KKTC’nin spor tarihindeki dönüşüm sürecinde ve günümüzde ‘siyasetin spora etkisini’ örneklerle irdeleyen Ahmet Özyaşar, sunumunda Kıbrıs Türk Sporunun siyaset içinde hangi aşamalardan geçtiğini anlattı. Özyaşar, konuşmasına başlarken: “Bu adada spor hiçbir zaman sadece spor olarak kalmadı, futbol da asla yalnızca futbol olmadı. Spor, futbol ve kulüpler, her zaman siyasi olaylar ve örgütlenmeler için bir araç haline getirildi.” ifadelerini kullandı.
Sporun, özellikle de futbolun sadece bir spor dalı olarak kalmayıp siyasetle iç içe geçerek toplumsal alanlarda önemli bir rol oynadığına değinen Özyaşar, bu zorunlu ilişkiyi tarihsel süreçteki örneklerle ele alarak, sporun siyasi amaçlar için nasıl kullanıldığını ve bu iki alanın birbirini nasıl etkilediğini belirtti. “Sporda Zoraki Evlilik” isminin de spor ve siyasetin Kıbrıs Türk toplumundaki birbirine zorunlu ve sıkı ilişkisini simgelediğini ifade eden Özyaşar: “Bir evlilik düşünün ki karı-koca birbirini sevmiyor ama birbirine muhtaçtırlar diye de ayrılamıyorlar.
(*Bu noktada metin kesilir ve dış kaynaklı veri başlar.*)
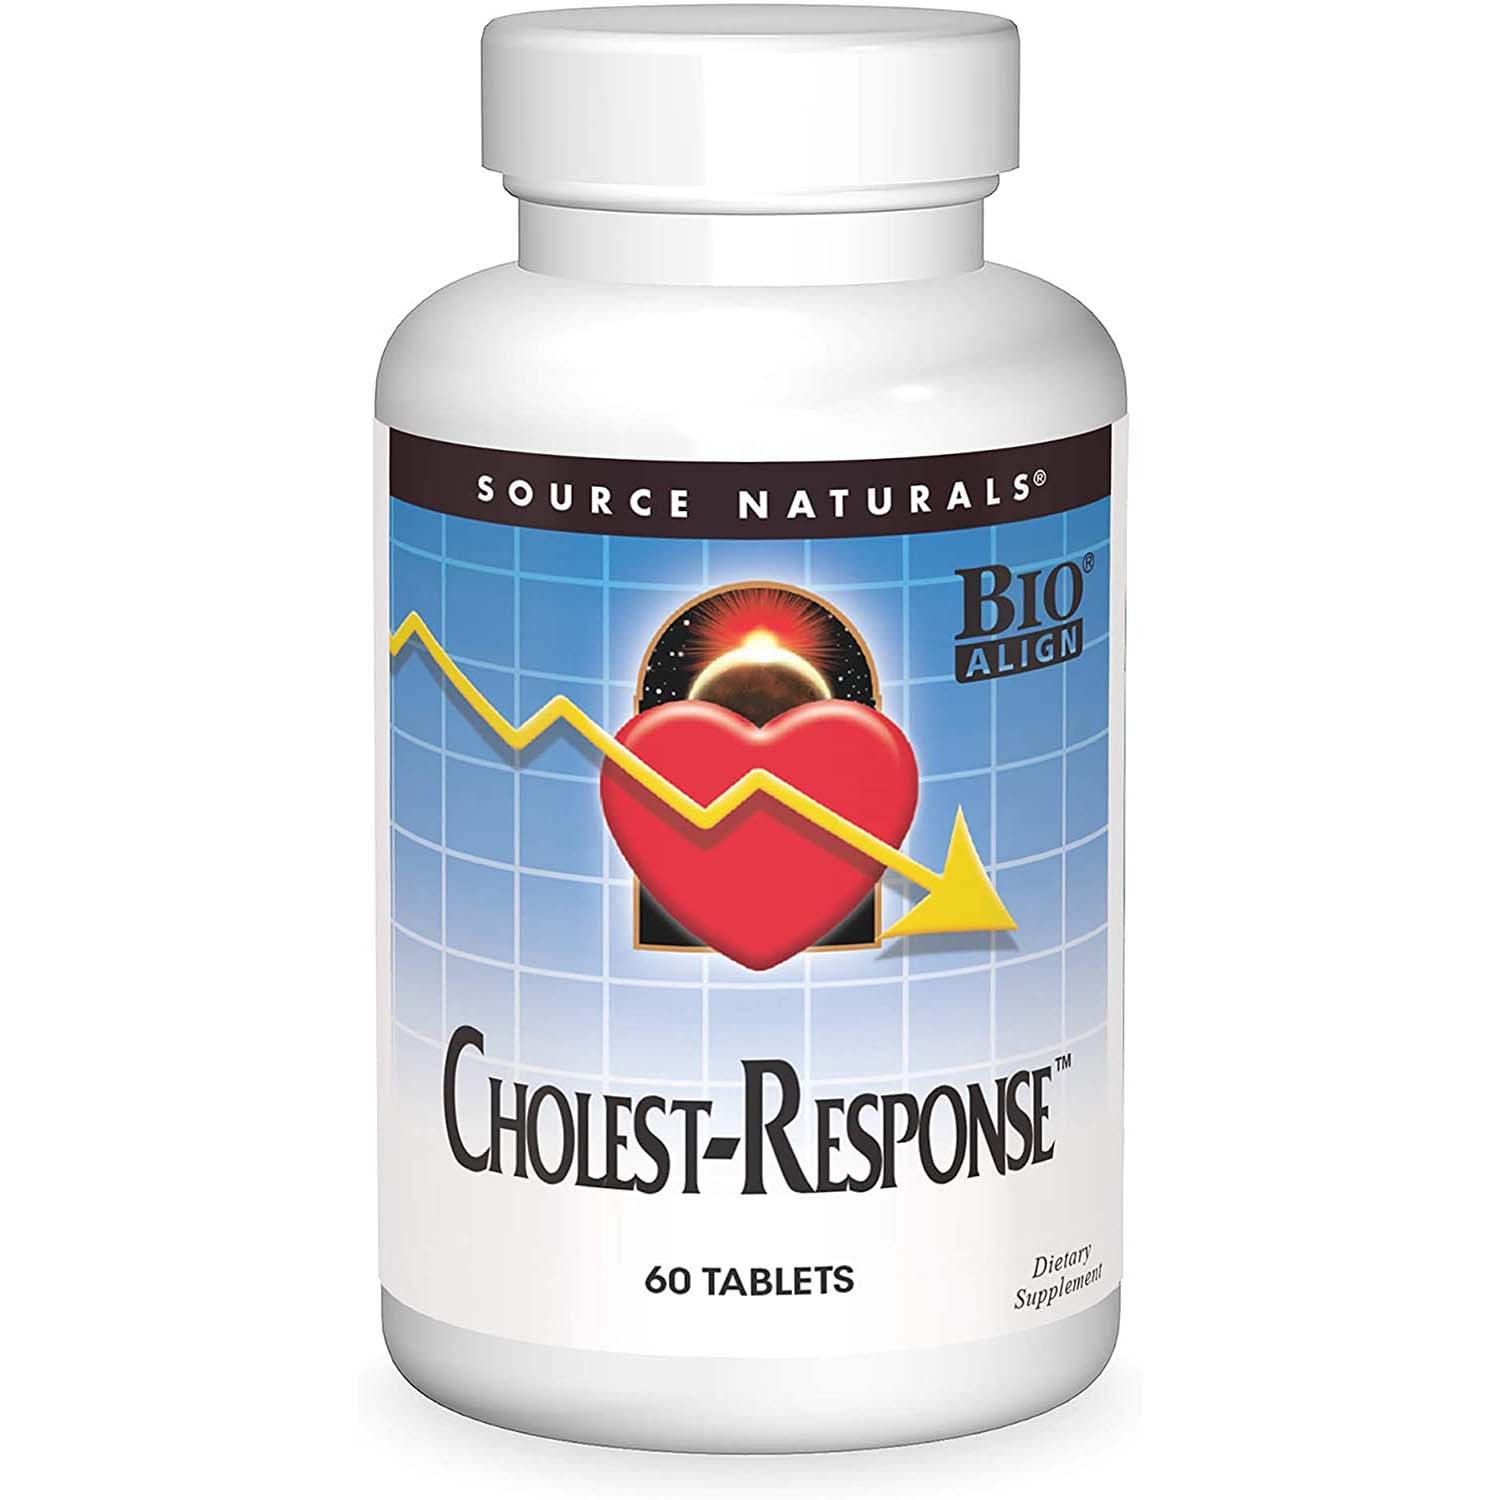 Source Natural Cholest Response, 60 Tablets

Kulüplerimiz ve spor dallarımız geçmişten günümüze siyasete bağlı. O kadar ilginç bir yapıya sahibiz ki birbirimizden nefret ediyoruz ama aynı zamanda birbirimizden besleniyoruz.” dedi.
Kıbrıs Türk tarihinde gelişen siyasi olaylar ve örgütlenmelerin spor üzerinden nasıl şekillendiğin kaydeden Özyaşar, sunumunda özetle şu ifadelere yer verdi: “Türk Mukavemet Teşkilatı’nın (TMT) 1950’li yıllarda spor kulüplerini örgütlenme merkezleri haline getirdiğini örnekleriyle gördük. Döneminin Lefkoşa Serdarı, TMT’nin en güçlü adamlarından Çetinkaya’nın efsanevi başkanı Kemal Şemiler’in ‘Kulübün ve birer TMT mensubu olan futbolcularının sevk ve idaresinin daha iyi olması gerekçesiyle, kapatılması, futbolcularının ise, Çetinkaya Kulübü bünyesine alınmasına’ karar verilmesini gördük. Zihni Kalmaz gibi futbolcuların siyasi görüşleri nedeniyle yaşadıkları sorunlar, ‘Galliga’ lakaplı sporcunun neredeyse ‘vatan haini’ ilan edilmesi, spor-siyaset ilişkisini net bir şekilde ortaya koyuyor. Ayrıca, birçok kötü örnekte olduğu gibi milliyetçi duyguların futbola nasıl entegre edilmeye çalışıldığını gösterirken, sporun barış ve dostluk mesajları verme potansiyelini de gözler önüne seriyor.” dedi.